RECORDED INFORMATION:
--

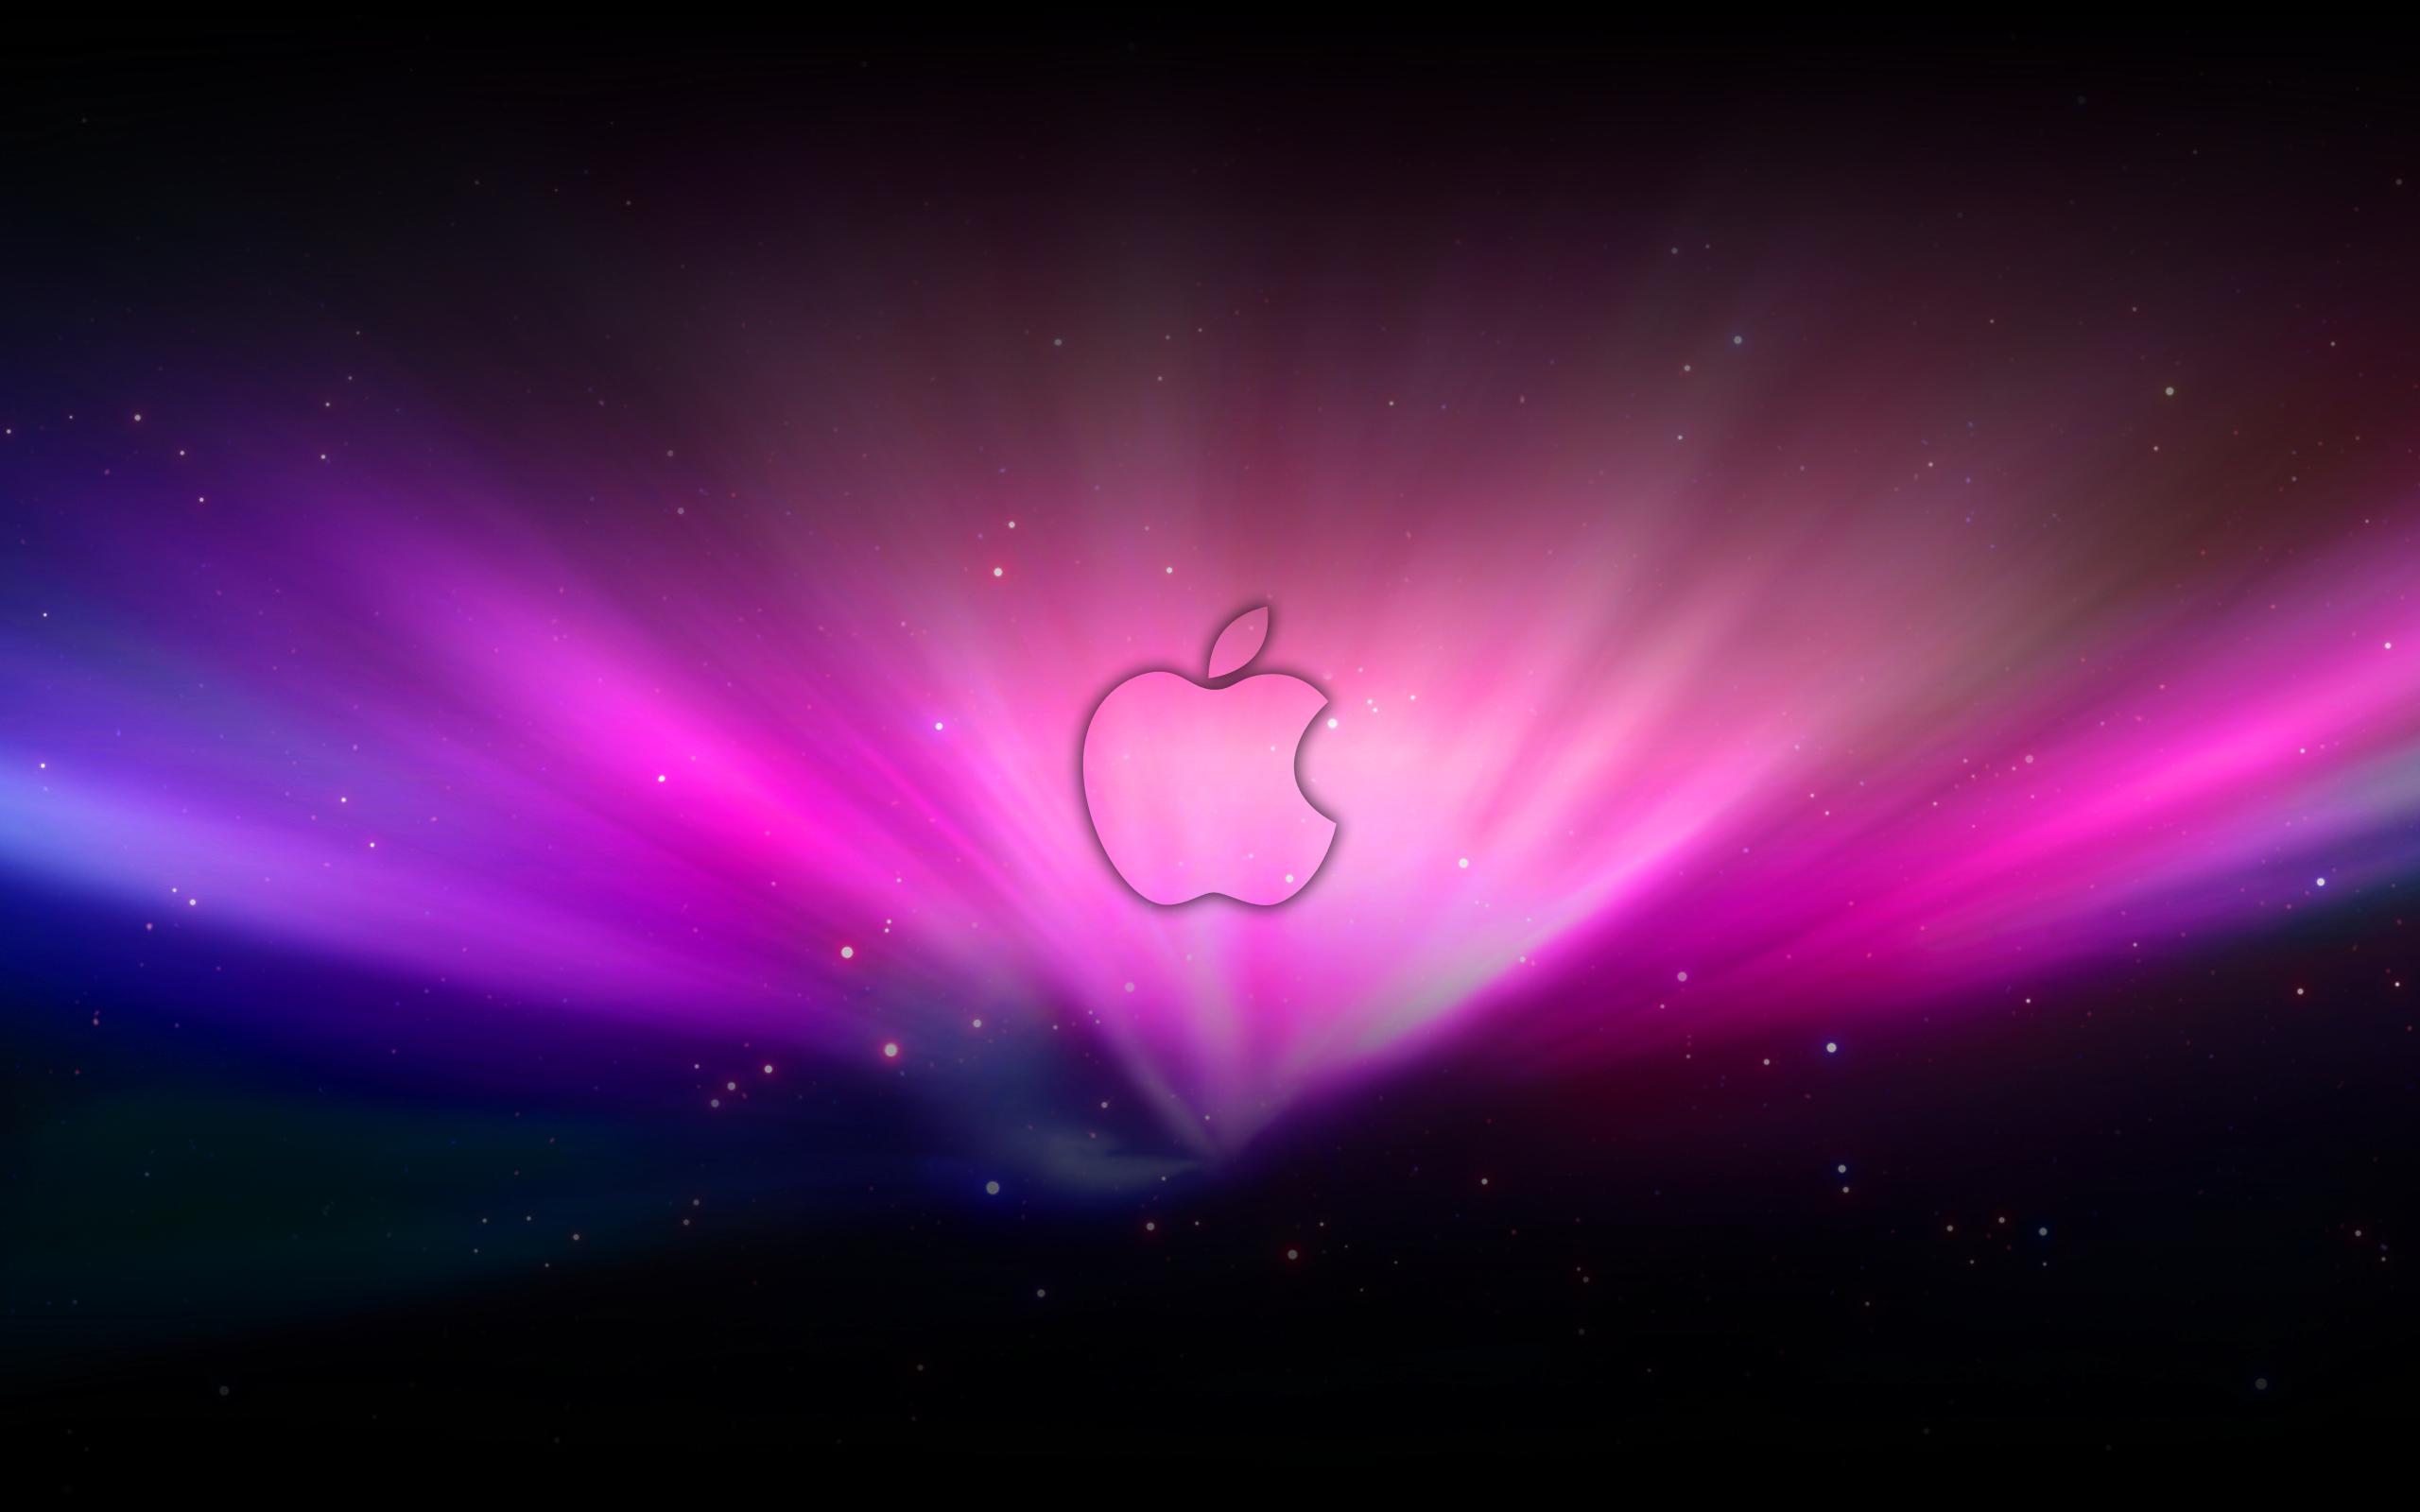 Free Download Mac Os X Leopard Wallpaper 18795 2560x1600
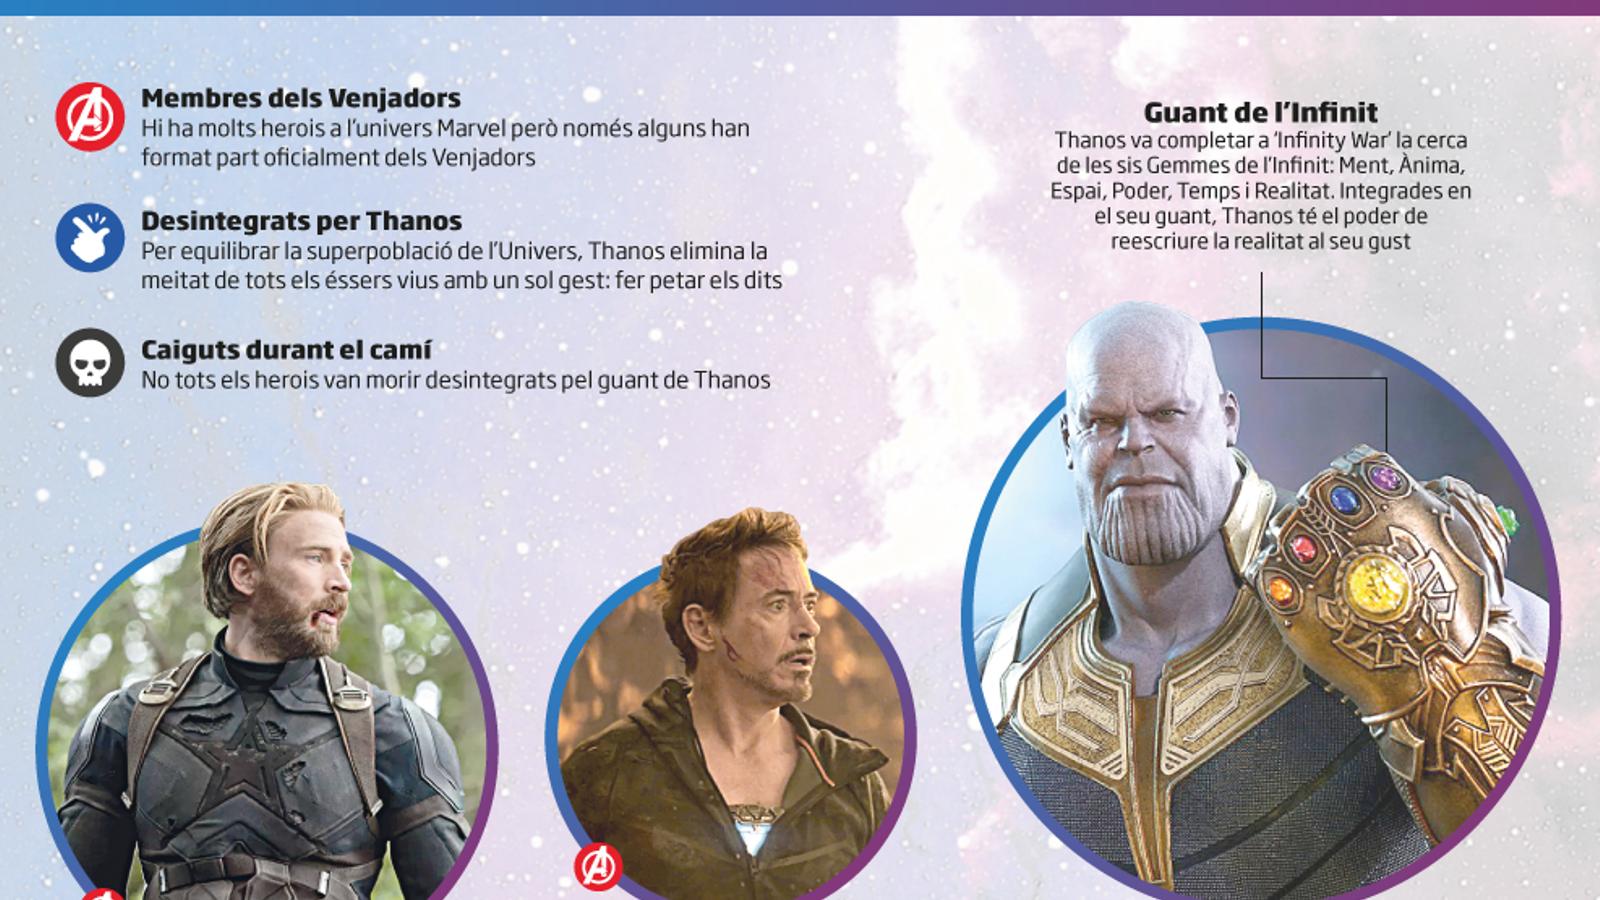 Guia per veure 'Vengadores: Endgame'
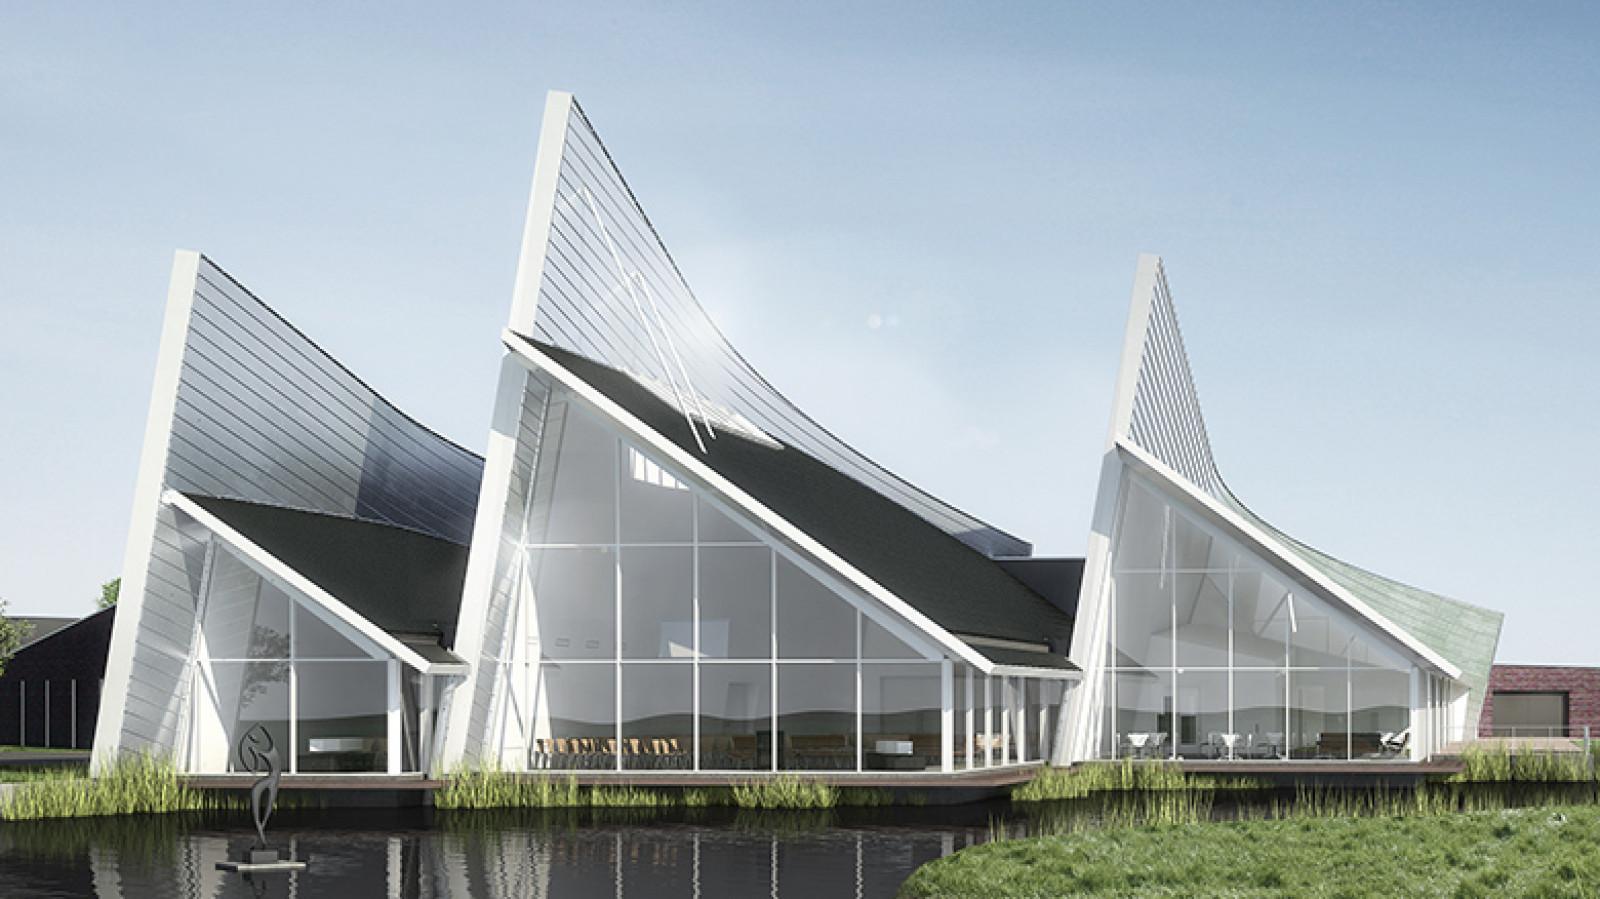 Rietvink architecten bna - zes x zes visuele communicatie

--

PROBLEM DETAILS:
Only the pictures may be dropped when you copy the data above; everything else stays exact.

TASK SOLUTION:
 Free Download Mac Os X Leopard Wallpaper 18795 2560x1600
 Guia per veure 'Vengadores: Endgame'
 Rietvink architecten bna - zes x zes visuele communicatie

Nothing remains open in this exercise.